BY now you know that yuMobile, owned by India’s Essar, is being sold to Safaricom and Airtel Kenya. The deal is not yet penned as Safaricom and Airtel are still in disagreement with yuMobile on the modalities.
Employees of yuMobile have gone to court to block the sale until their interest is catered for. They are demanding more than Ksh 1.2 billion in severance pay before the sale of Essar Telecom Kenya (ETKL) is concluded. Safaricom looks to buy the infrastructure arm of yuMobile while Airtel Kenya will acquire its numbering prefix and the over 2.7 million subscribers.
yuMobile has around 235 employees but there is massive exit with the impending sale. Safaricom is set to absorb while Airtel will take only 20 employees.
Safaricom has offered $80 million (Ksh6.8 billion) for infrastructure while Airtel Kenya is set to pay $37.2 (Ksh 3.1 billion) million for the residual infrastructure, numbering prefix and subscribers. It is not clear how the assets and liabilities of ETKL or yuMobile will be handled but Airtel Kenya is demanding to retain up to $15 million (Ksh1.2 billion) to offset the over $7.2 million which yuMobile owes it in infrastructure share costs. Airtel Kenya has threatened not to clear their obligations if yuMobile will not allow it to retain the $15 million it is demanding.
yuMobile CEO’s pay
yuMobile like Airtel Kenya is mainly managed by Indian expatriates with the CEO , CFO, CS, MO and CTO being Indian. The only local function heads are HRD, FC, Legal Head, CS Head and CIO. Key roles of sales and marketing have always been headed by expatriate Indians with little knowledge of Kenyan market culture. yuMobile has not performed so well in the market despite balooning its not so valued subscriber base. Essar even brought in Indians to handle junior positions in sales and marketing completely ignoring the country’s labour laws. Kenyan labour regulations demands that positions like marketing be held by Kenyans.

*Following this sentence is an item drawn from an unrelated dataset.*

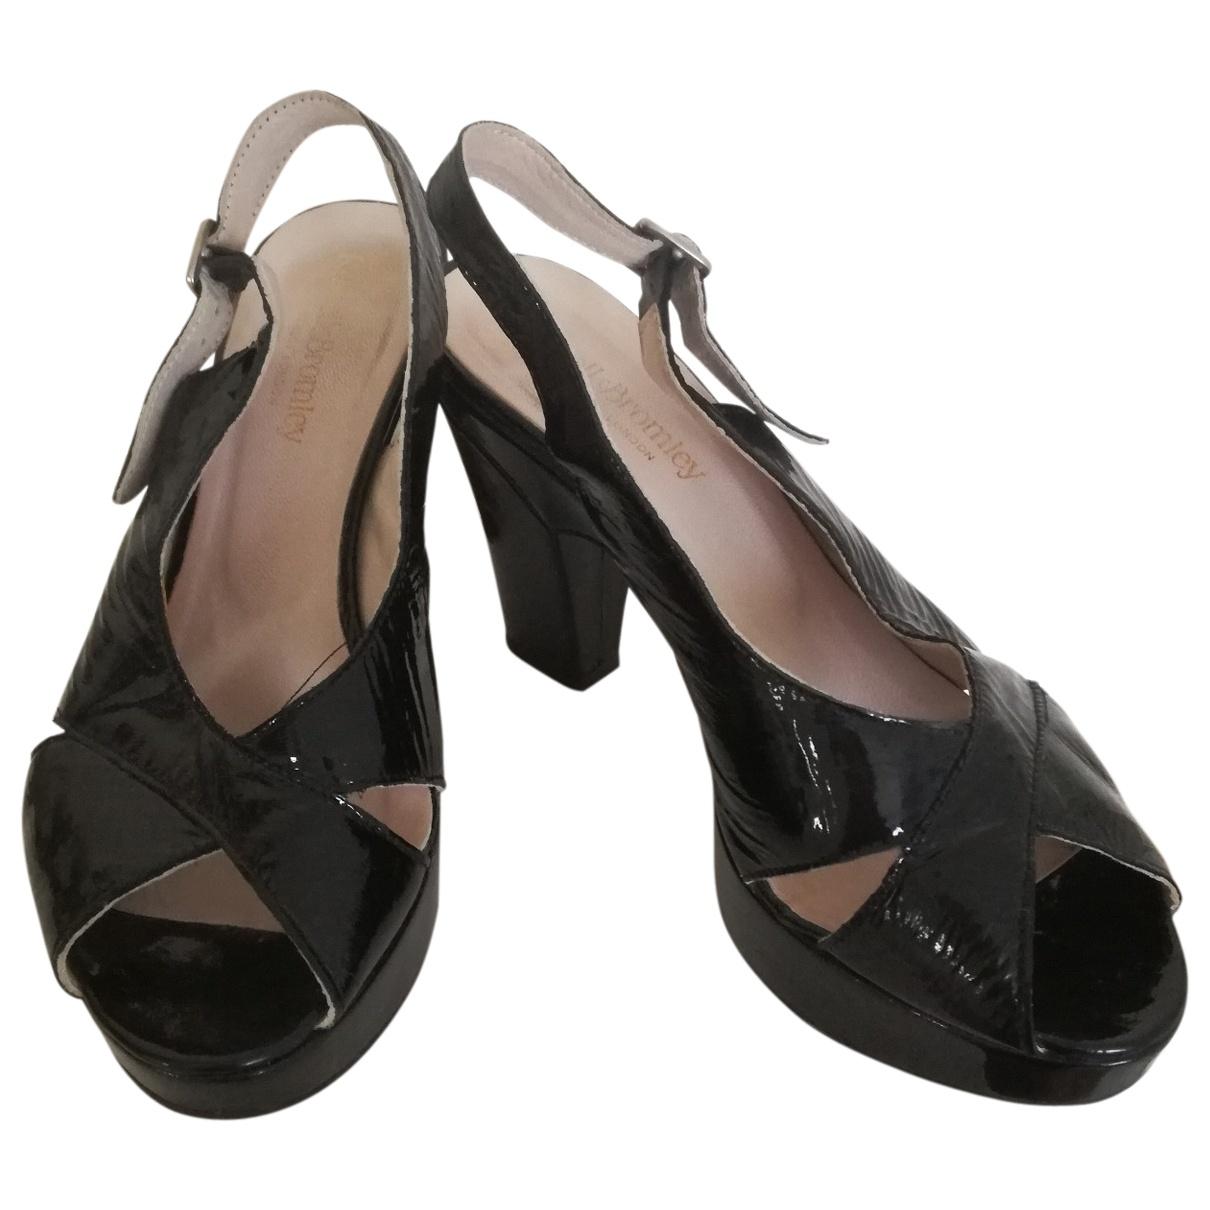 Russell & Bromley - Sandales   pour femme en cuir verni - noir

The strategy of looking down upon Kenyans has failed Airtel Kenya and KDN the latter even had to beg the locals back to its fold after recent acquisition by Liquid Telecom. Vodafone through Safaricom has always ensured that it uses mostly local human resource for key position thus ensuring that its message and engagement with the local subscribers is localised with personalised marketing messages to win clients over.
CEO’s bonus pay
What might be of interest to auditors of yuMobile operations is how much the CEO and top expatriates took home as bonus packages despite the company performing so poorly. yuMobile CEO Madhur Taneja paid himself a massive Ksh 78 Million in one instance despite severally paying himself money amounting to over $1.3 million in the last one year. Essar Kenya is reported to have well prepared its expatriate employees in Kenya for the sale while not doing the same for its local employees. The expatriates have been awarded very interesting dismissal packages. With the CEO alone having earned himself almost $1.3 million in the impending sale, it is not clear why the company is refusing to pay the local employees just $12 million which they are demanding in severance pay.
Bonus pay of other expatriates
The company has been making average annual loss of $25 million. The company is also not making other details of the transaction clear to the regular with reports out that details of residual asset acquisition by Airtel Kenya is masked that the regulator and Treasury will find it hard to track any tax payable to the government in case the competition authority will approve the deal.